R_HOME does not contain a folder with name "bin".
R_HOME is meant to be the path to the folder which is the root of Rs installation tree.
It contains a bin folder which itself contains the R executable.
Please change the R settings in the preferences.
So, I set the Path to R Home for R (labs) to "C:\Program Files\R\R-3.0.1". Now I get the following error: R cannot be intialized.
null
What is the correct way of specifying the R_HOME? Any help would be appreciated.
The R_HOME is correct! I justed added an FAQ entry explaining the solution for the new R (labs) integration, see here. The problem is to point to the jri.dll (64bit) with a system property that need to be added to the knime.ini.
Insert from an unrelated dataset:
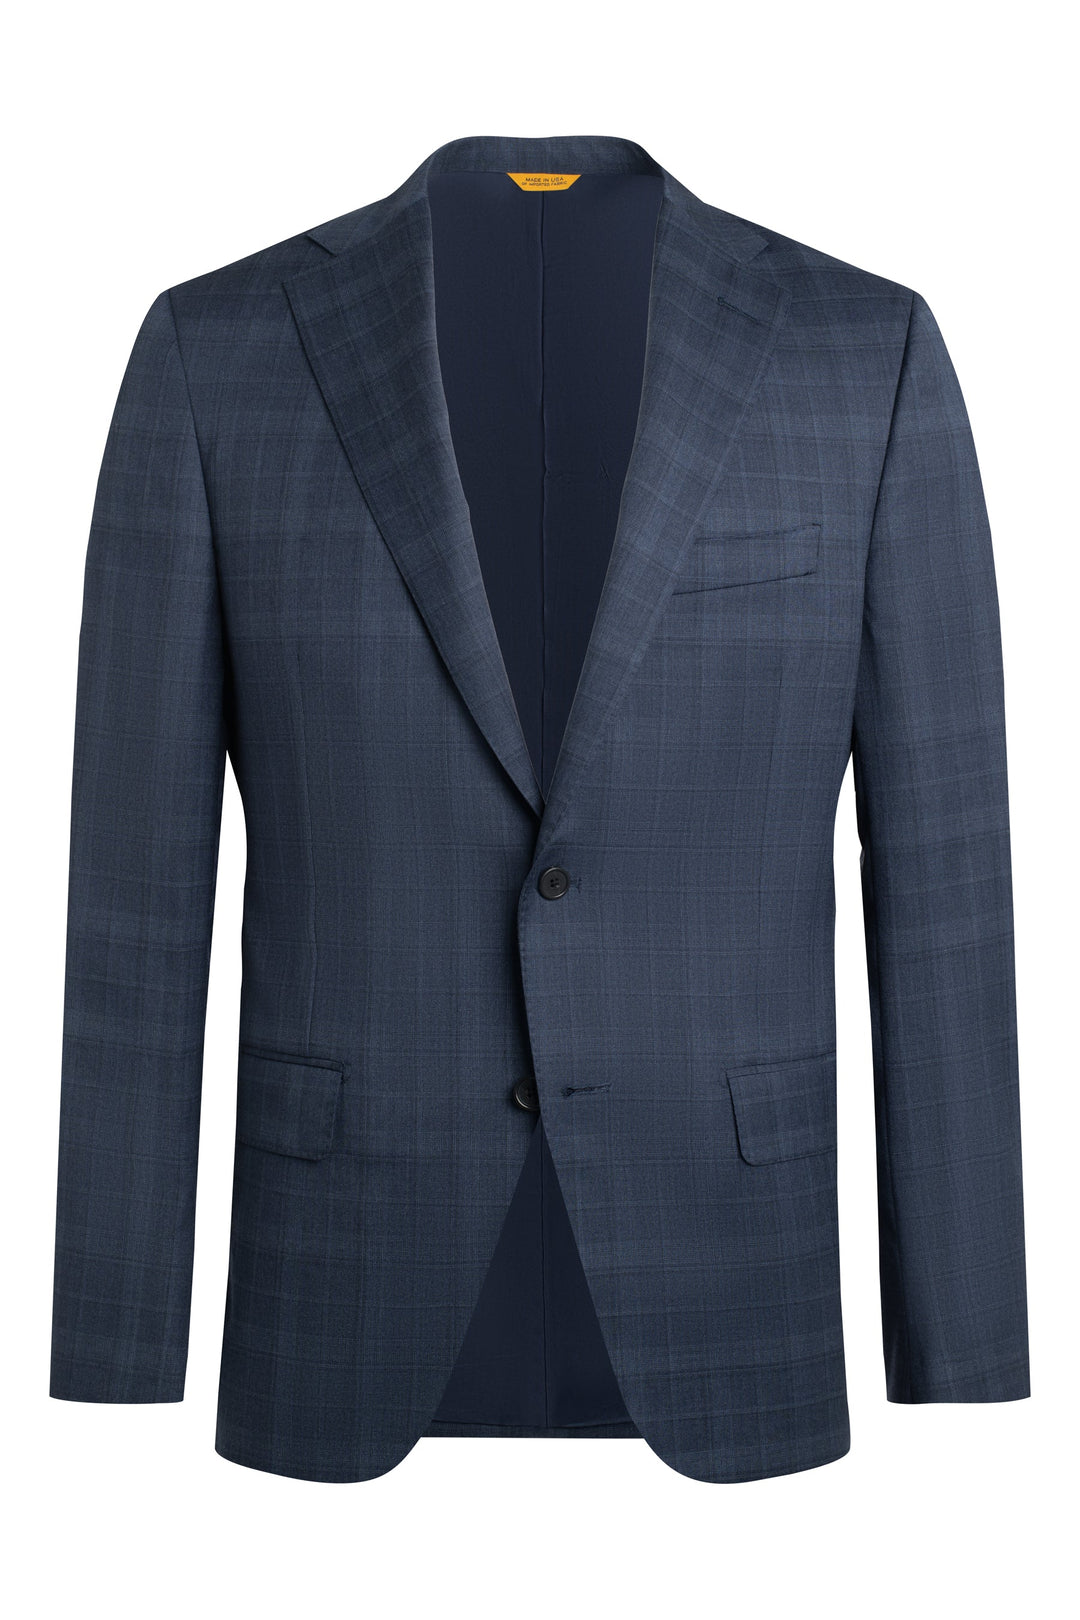 Slate Blue Plaid Suit

I followed the steps outlined in the FAQ regarding R (Interactive). All steps in the FAQ were followed except for "remove the feature org.knime.features.rengine.r2.feature.group from the
installation ..." because I couldn't find org.knime.features.rengine.r2.feature.group in my installation.
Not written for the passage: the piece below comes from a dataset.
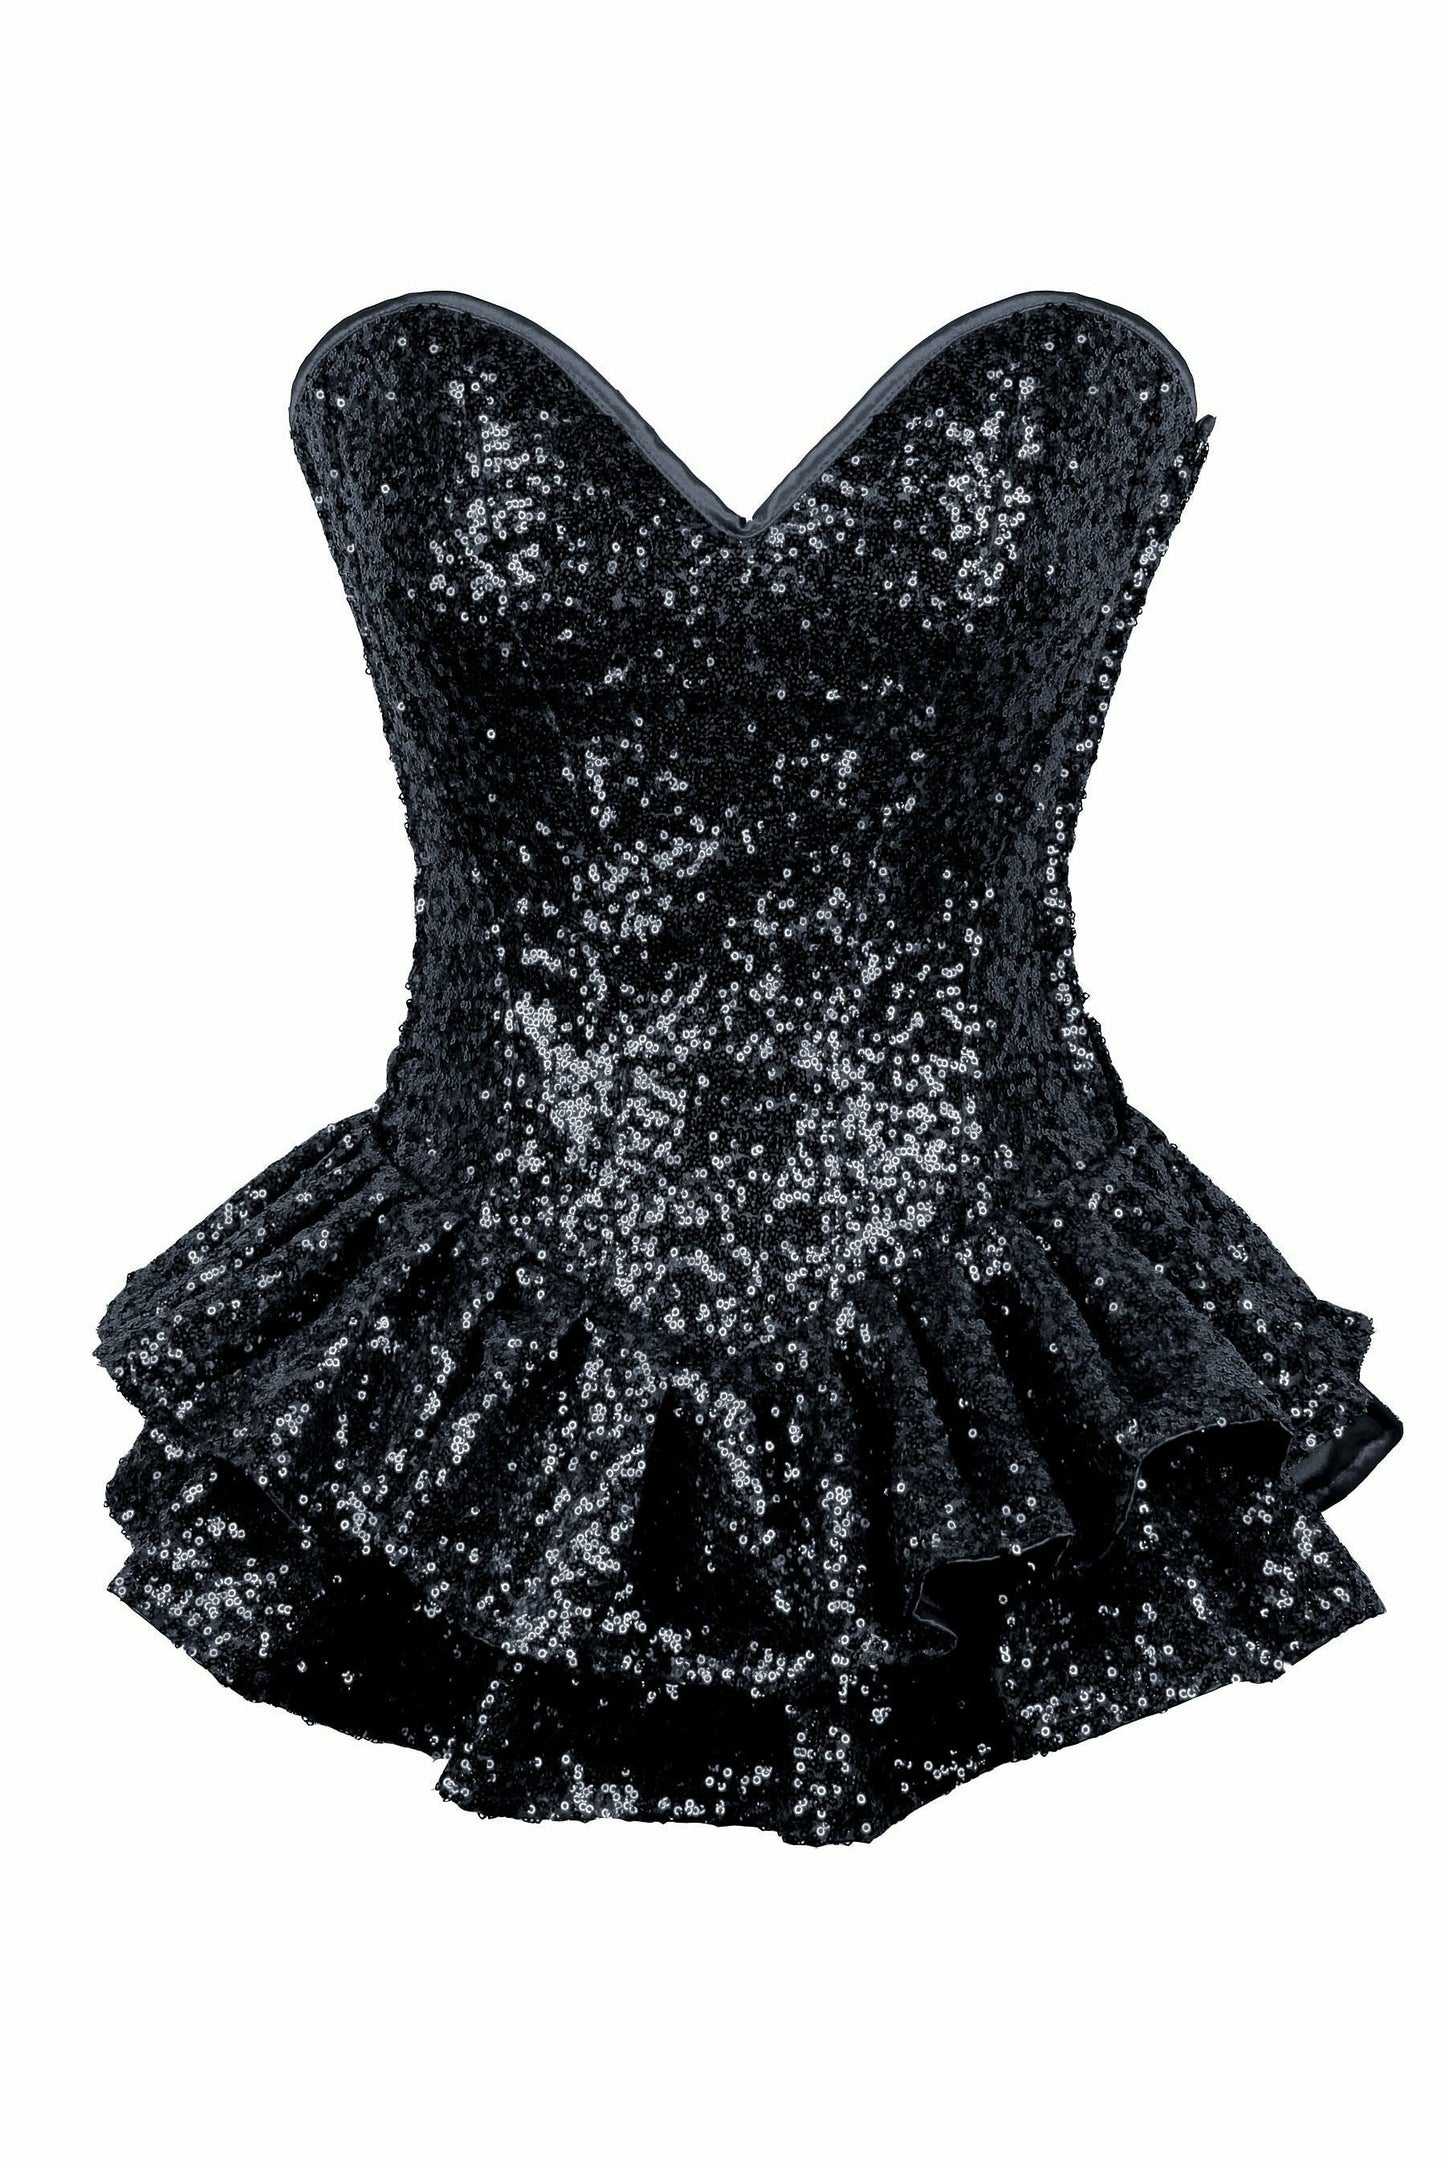 Top Drawer Black Sequin Steel Boned Mini Corset Dress - Lust Charm

When I try to configure any node from the R (Interactive) group, I am still getting "R cannot be initialized" error. When I try to execute the node, I get the "RController" error. I am using KNIME 2.8.2 and R 3.0.1.
I think for R3 you have to add the following line to your knime.ini: -Djava.library.path=C:\Users\xyz\Documents\R\win-library\3.0\rJava\jri\x64 Hope this helps?
That was the source of the problem! I had installed R 64bit without the 32-bit libs. I re-installed R-3.0.2 64-bit and included the 32-bit libs this time. This has fixed the problem. R(Interactive) nodes in KNIME are now working.
I included a similar line in knime.ini. It is slightly different than the one you specified to reflect the correct location of jri.dll in my machine. This is the line I had included in knime.ini
I am running KNIME 2.9.2 and am trying to set up to use the R (Interactive) nodes. I have been getting this error
R cannot be intialized.
R_HOME is not a directory.
R_HOME is meant to be the path to the folder which is the root of Rs installation tree.
It contains a bin folder which itself contains the R executable.
Please change the R settings in the preferences.
I am on Mac OS 10.7.5 with R 3.0.1
I set the R_HOME in the preferences to many things (eg. I tried /Library/Frameworks/R.framework/Resources/R and /usr/bin/R)
I installed rJava.
in knime.ini I put : -Djava.library.path=/Library/Frameworks/R.framework/Versions/Current/Resources/library/rJava/jri/
I removed the feature org.knime.features.rengine.r2.feature.group from the installation
After these steps I still have the same error. Do you have suggestions what might be going wrong?